Thought I would show a newly released video of the problem.
https://www.youtube.com/watch?time_continue=22&v=ZBlR05tDCbI
Honestly, I don't expect better from people who take vertical videos.
Aloha_Shooter
01-24-2018, 05:37
While it's true that the Eastern slope is buying its water from the Western slope, it's somewhat inaccurate to say the tax revenues collected on the Eastern slope benefit the entire state. Denver politicians vote for state funds to benefit Denver and the outlying regions be damned (except where such expenditures benefit Denver residents such as improving the roads to Western slope ski resorts). This isn't anything new; the old mini-series Centennial even demonstrated how Colorado has brought Western slope water to the Eastern slope to benefit agriculture and residential development in the last 2 or 3 episodes.

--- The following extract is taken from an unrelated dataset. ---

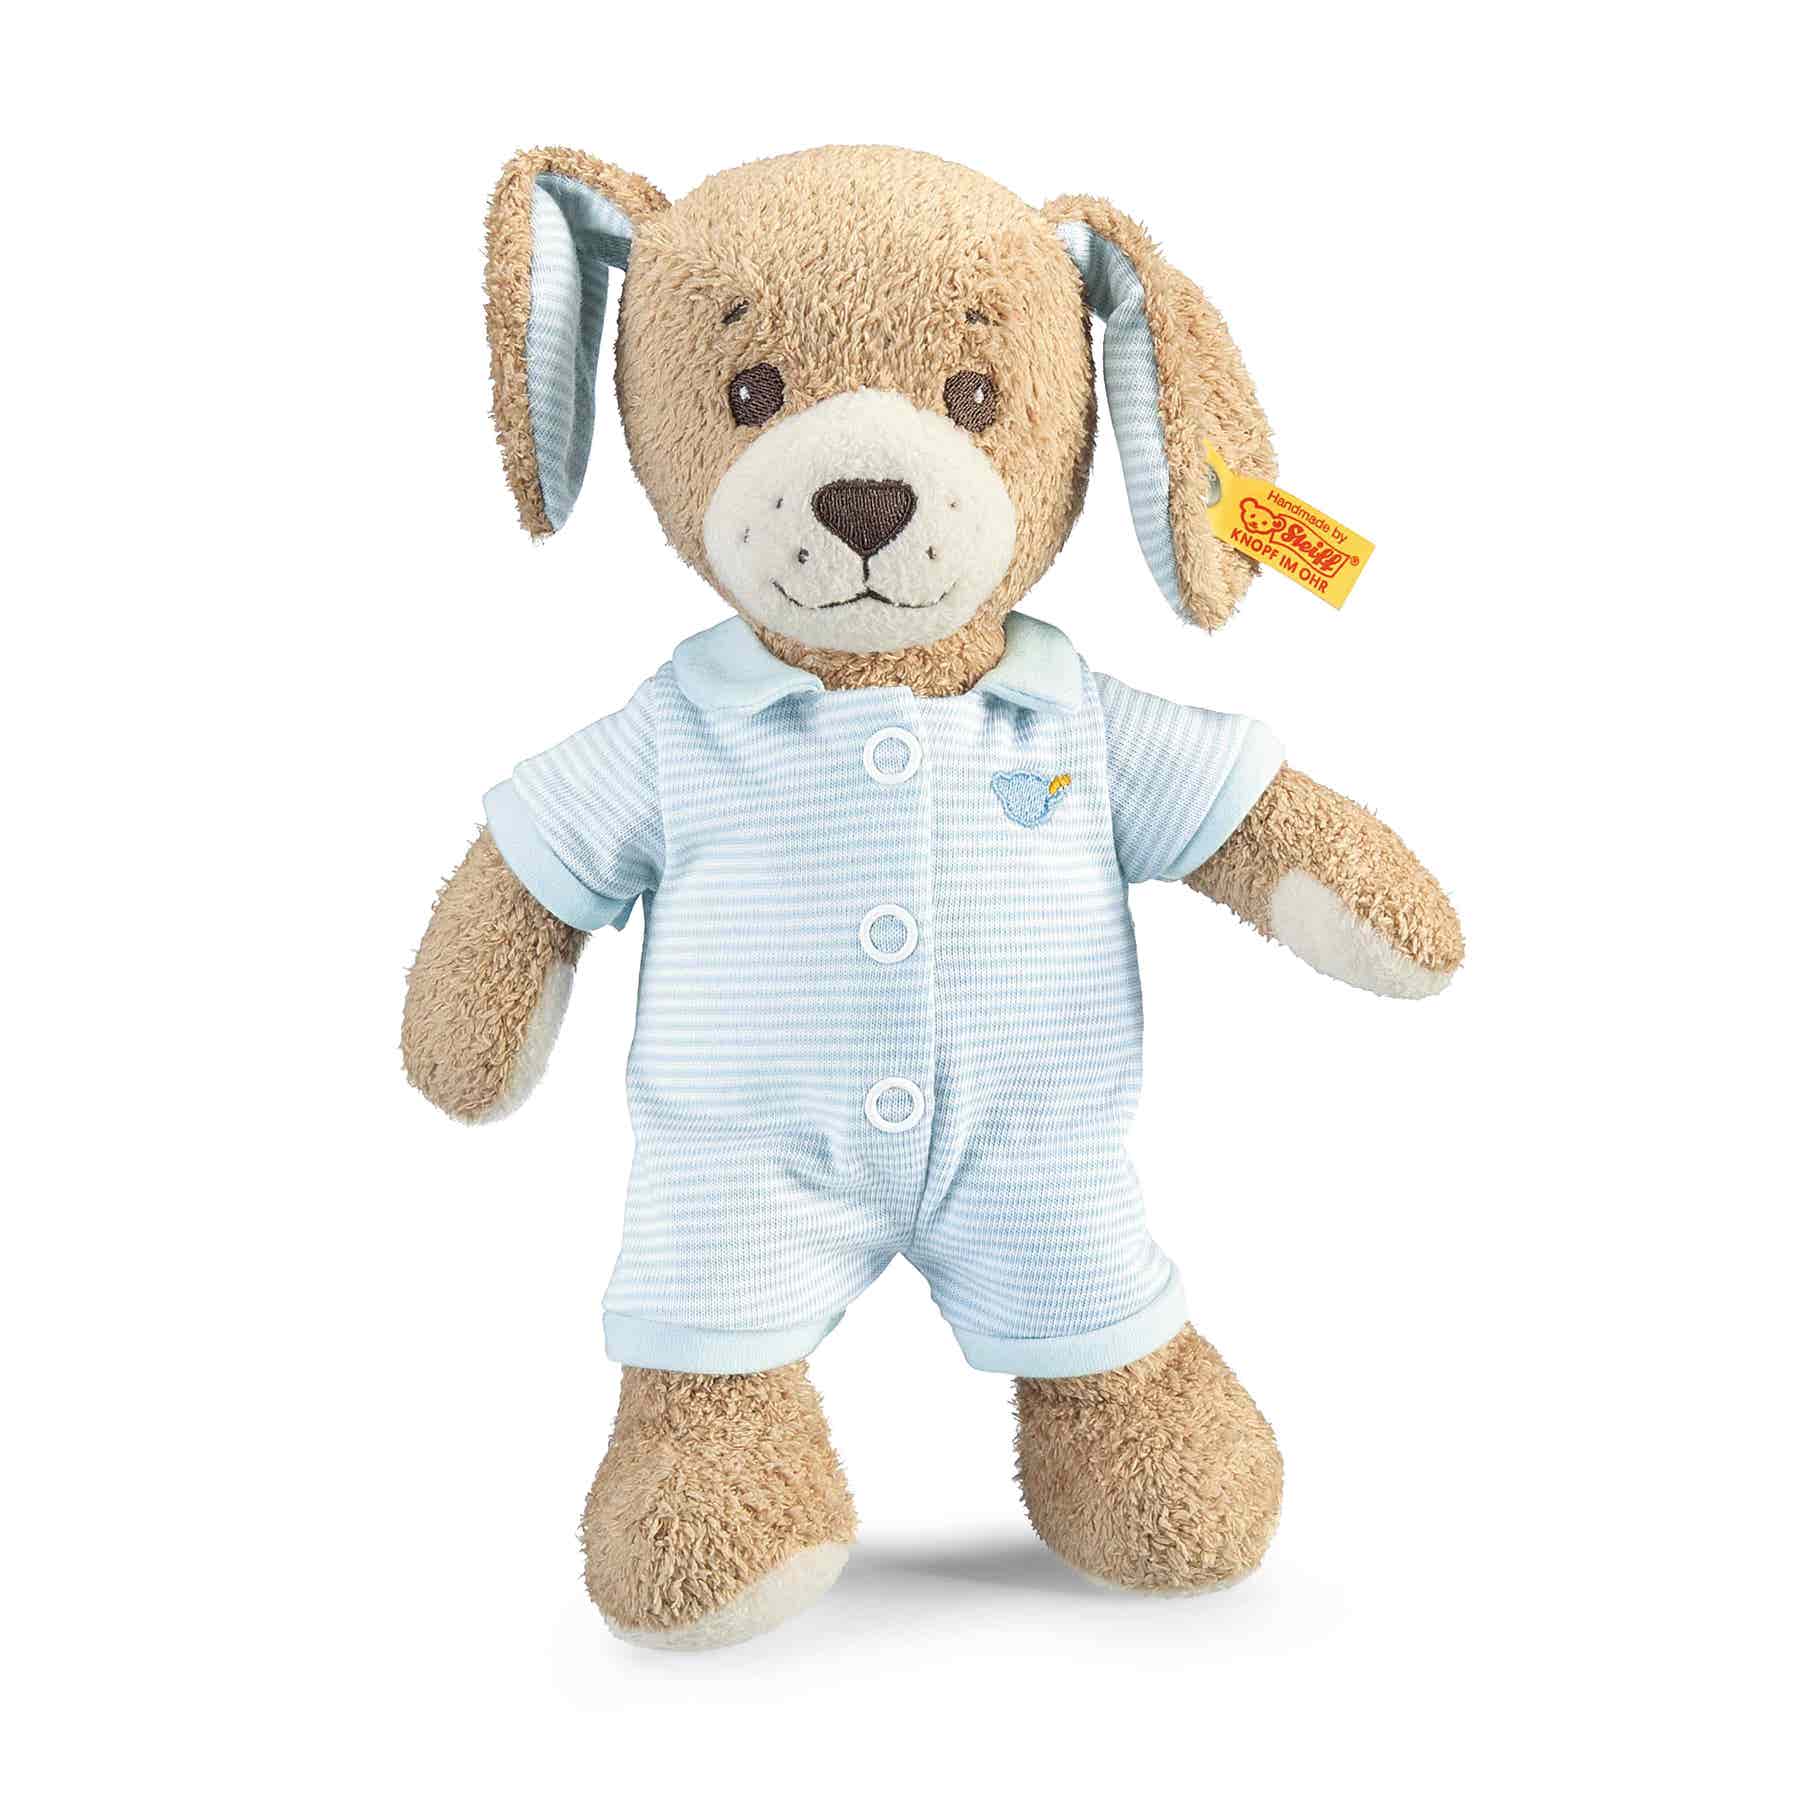 Steiff soft toy dog with a removal blue outfit

In the vast scheme of things, diverting the water makes a lot of sense -- certainly more sense for Colorado as a state than letting that water go downstream for Nevada and California to steal. Shortages in Colorado River outflow are far more a product of California's overuse (anyone remember how they tried to retroactively "fix" the Colorado River Compact 25 years ago to reflect how much more they had been taking?) than anything Colorado is doing. It wouldn't even surprise me if the survey referred to in the OP had its roots in California interests trying to reduce Colorado use in order to set the stage for another attempt at rewriting the CRC.
Martinjmpr
01-24-2018, 09:49
it's somewhat inaccurate to say the tax revenues collected on the Eastern slope benefit the entire state. Denver politicians vote for state funds to benefit Denver and the outlying regions be damned (except where such expenditures benefit Denver residents such as improving the roads to Western slope ski resorts).

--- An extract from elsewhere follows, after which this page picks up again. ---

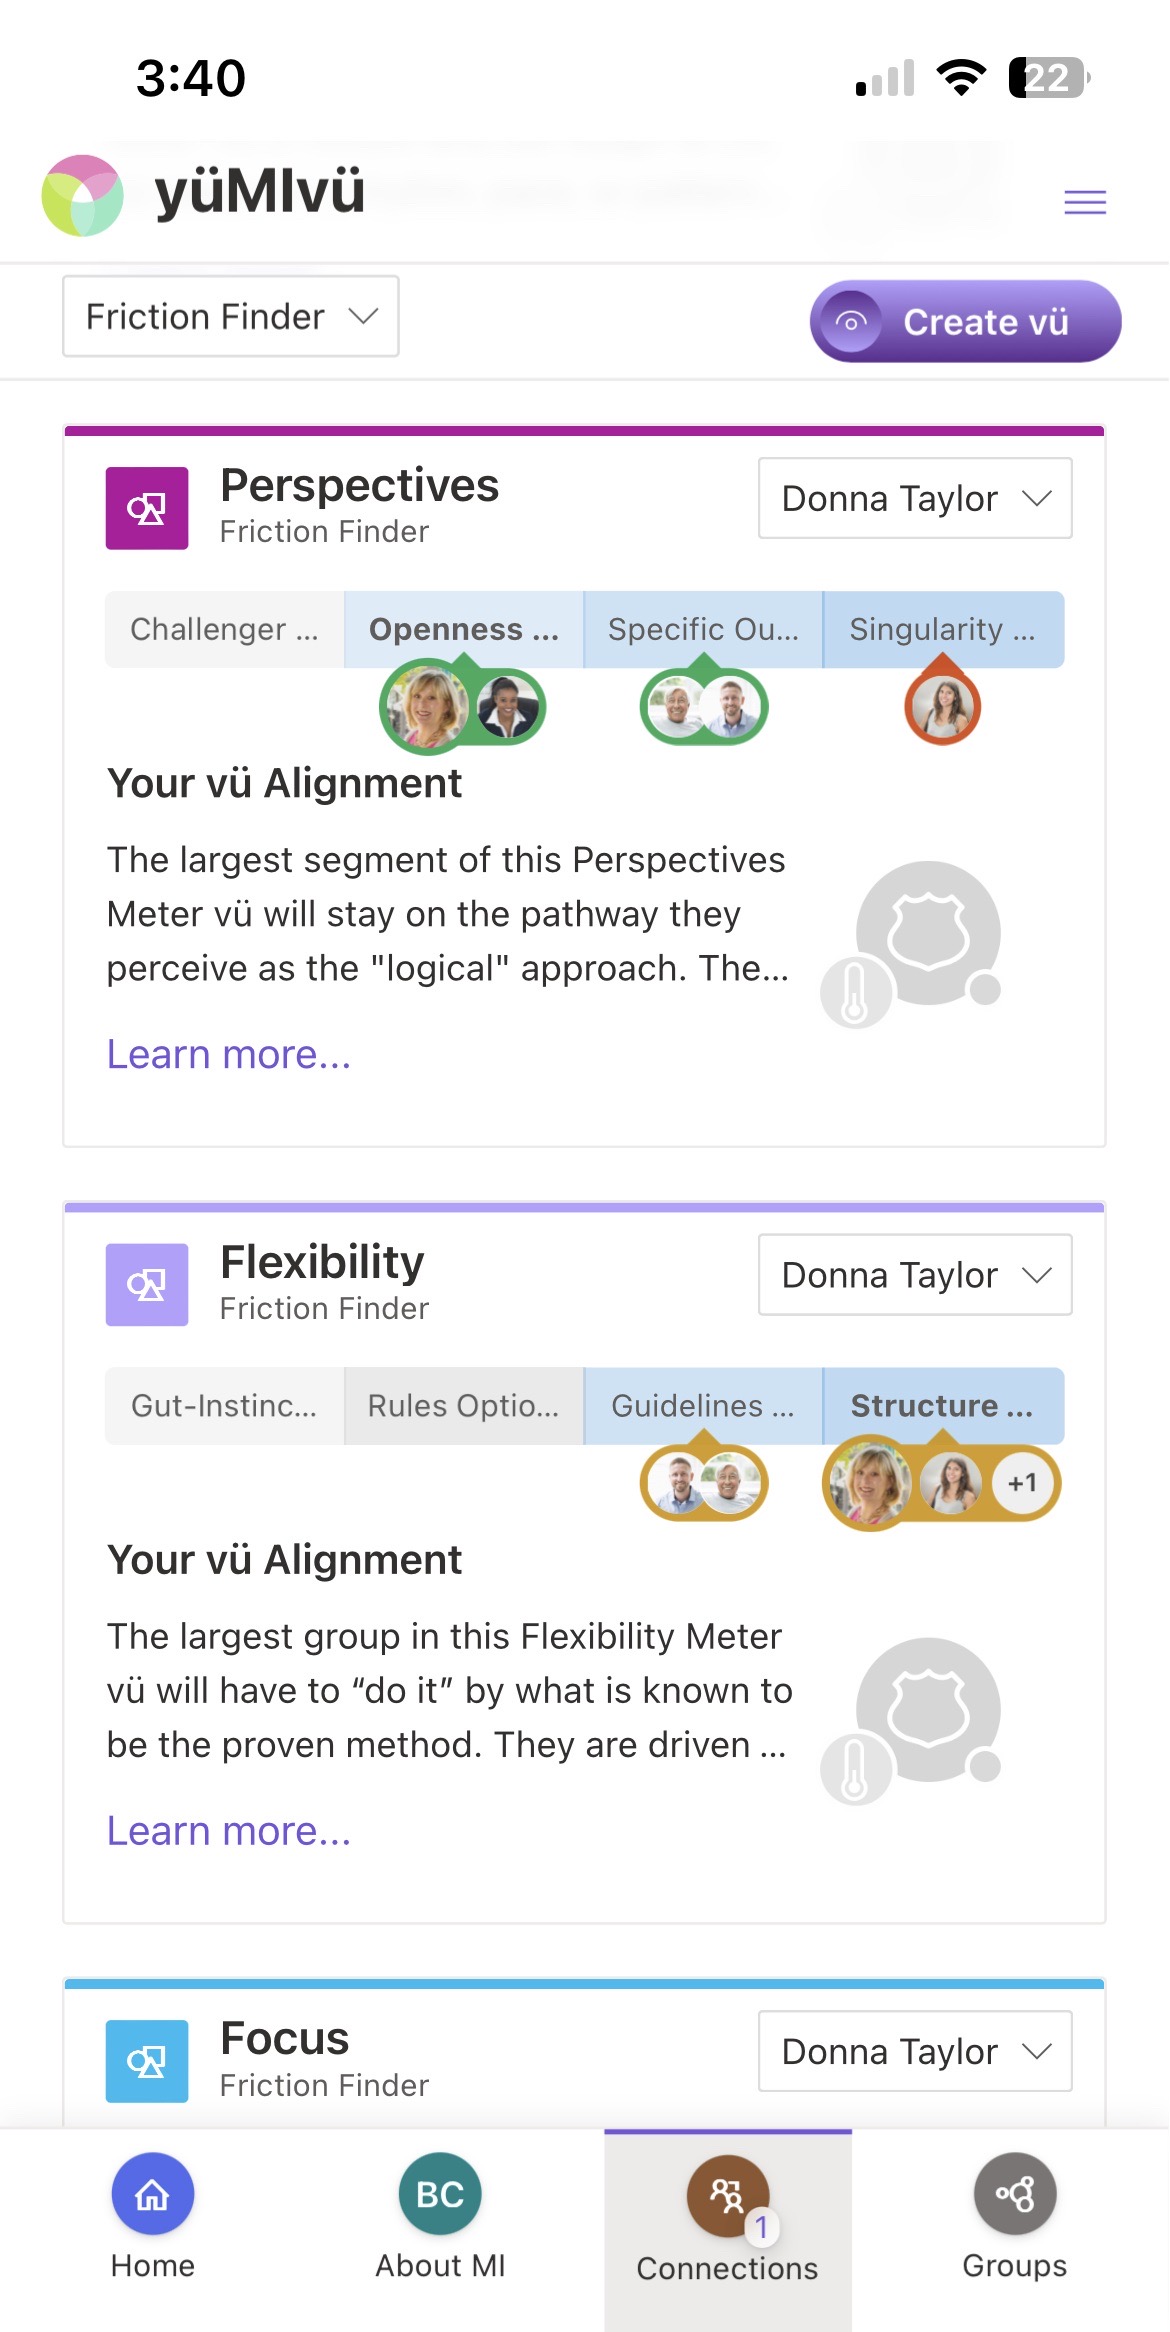 Friction Finder Awareness Alerts helps team members quickly identify where natural friction is likely as each team member works the "way they are wired."  yüMIvü coaches on how to turn potential conflict points into positive engagements.

That is simply the situation that exists in every state where you have a highly populated urban area and low population rural areas. The people in the rural areas bitch about how they don't have any political power because they get outvoted by the people in the urban area. People in rural Nevada bitch about Las Vegas. People in rural Arizona bitch about Phoenix and Tucson. People in Eastern Washington bitch about Seattle. People in Eastern Oregon bitch about Portland and Salem.
In Colorado, at least, the big cities on the Front Range contribute a huge amount of money to the Western slope because so many people come from the front range to ski, hike, camp, fish, hunt, etc, west of the divide. How much business would Vail, Aspen, Glenwood, Steamboat, and Gunnison be doing if there weren't a couple of million people just on the East side of the continental divide who were willing to go over the mountains and spend money? A huge proportion of businesses on the West side of the divide depend on customers from the East side.

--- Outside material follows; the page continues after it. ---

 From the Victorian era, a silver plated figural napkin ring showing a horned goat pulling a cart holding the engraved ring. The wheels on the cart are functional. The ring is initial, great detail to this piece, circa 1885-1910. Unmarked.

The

Western slopers may hate to admit it but much of their livelihood depends on people coming over from the Eastern slope. Without the economic engine of the Eastern slope, the mountains of Colorado would look a lot like the mountains of Wyoming - sparsely settled by businesses that are hanging by a thread, lots of deserted buildings, boarded up main streets, etc. I realize there are probably people here who think they would be OK with that but having lived in Wyoming for 5 years I thought it was kind of depressing. The lack of thriving businesses means a lack of jobs, stagnant wages, college grads who have to leave the state just to find employment, etc. It's not pretty.
Using that logic Phoenix and Las Vegas are buying our water wth their federal tax money and all of Colorado should be happy for the opportunity to sell our resource. I live here for a reason, it isn’t always easy but youre very welcome to keep your tax money, tourism, politicians, traffic, and opinions in the city. Thank you very much.